Non-interest income of R7 208 was 13% up and now comprises half of total income. Fees and commission were 21% up and trading income 3% lower, mainly due to quieter markets and lower volatility. The balance of non-interest income was 13% higher.
The charge for credit losses of R1 405 million was 8% lower than in 1999 and, as a percentage of loans and advances, declined to 1,2% from 1,4%. Included in this charge was R147 million for general debt provision which now amounts to R1 088 million.
Non-performing loans as a percentage of average loans were down to 4,4% from 5,5%. The total balance sheet provision for credit losses of R3 474 million exceeds the new provisioning requirements of the Banks Act.
Operating expenses increased by 6% to R8 506 million and staff costs were 5% up. Cost growth in domestic operations was only 4%.
Total assets of R284 billion were 12% higher, with banking assets reflecting an increase of 13%. Total capital and reserves increased by 26% to R17,5 billion. Loans and advances of R127 billion were 13% higher, with domestic growth restricted to 5%.

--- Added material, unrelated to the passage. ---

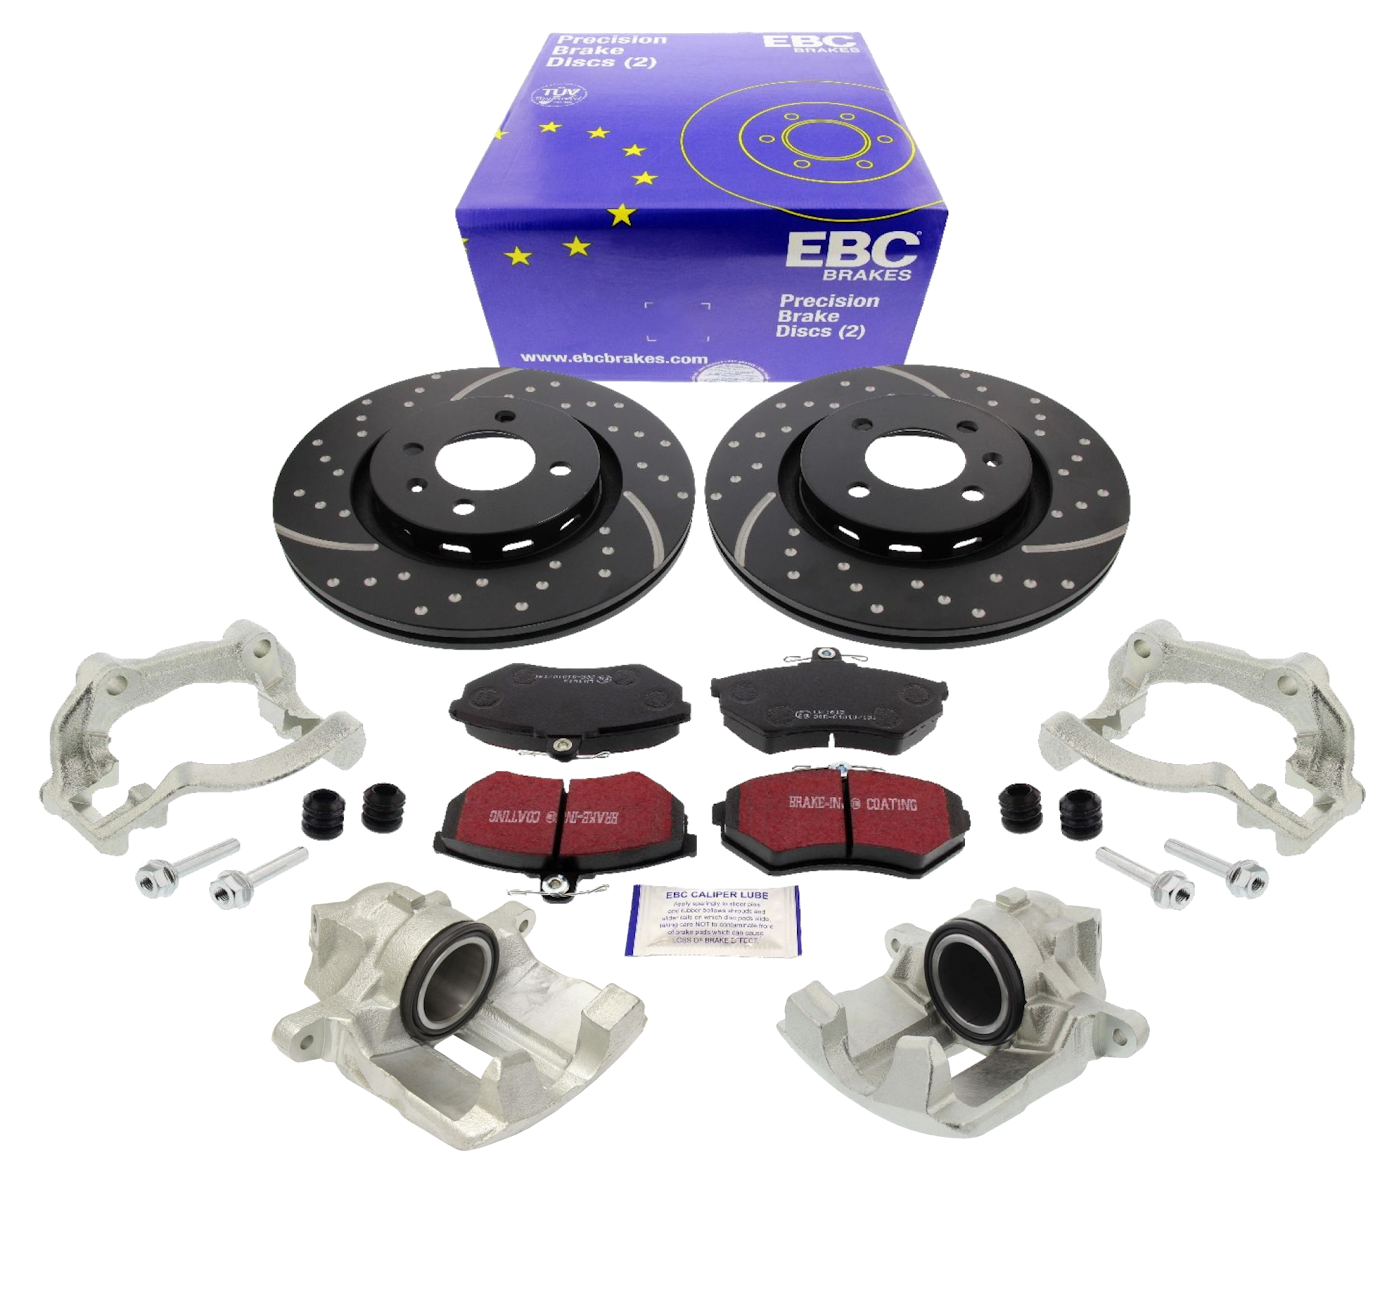 EBC-Bremsensatz, Turbo Groove Disc Black + Bremsbeläge, Blackstuff, VA, VW Golf 2/3, Corrado, G60-Bremse, 280 mm, inkl. Sättel + Halter

The group’s capital base was 14,2% of risk-weighted assets, with tier one capital at 10,7%. R3,5 billion of tier two capital was raised during the year, R2,7 billion domestically and R800 million internationally, which will over time improve the group’s effective cost of capital.
A final dividend of 63 cents a share (1999: 50 cents) brings the total dividend for the year to 85 cents a share (1999: 68 cents).
Maree says that sound economic and fiscal policies instituted by the South African government and consistently followed over a number of years, have created a solid platform for economic growth.
"The group is well positioned to benefit from a higher level of economic activity and, provided that there are no unforeseen adverse developments in international markets, we expect that growth in earnings for the year ahead should be satisfactory."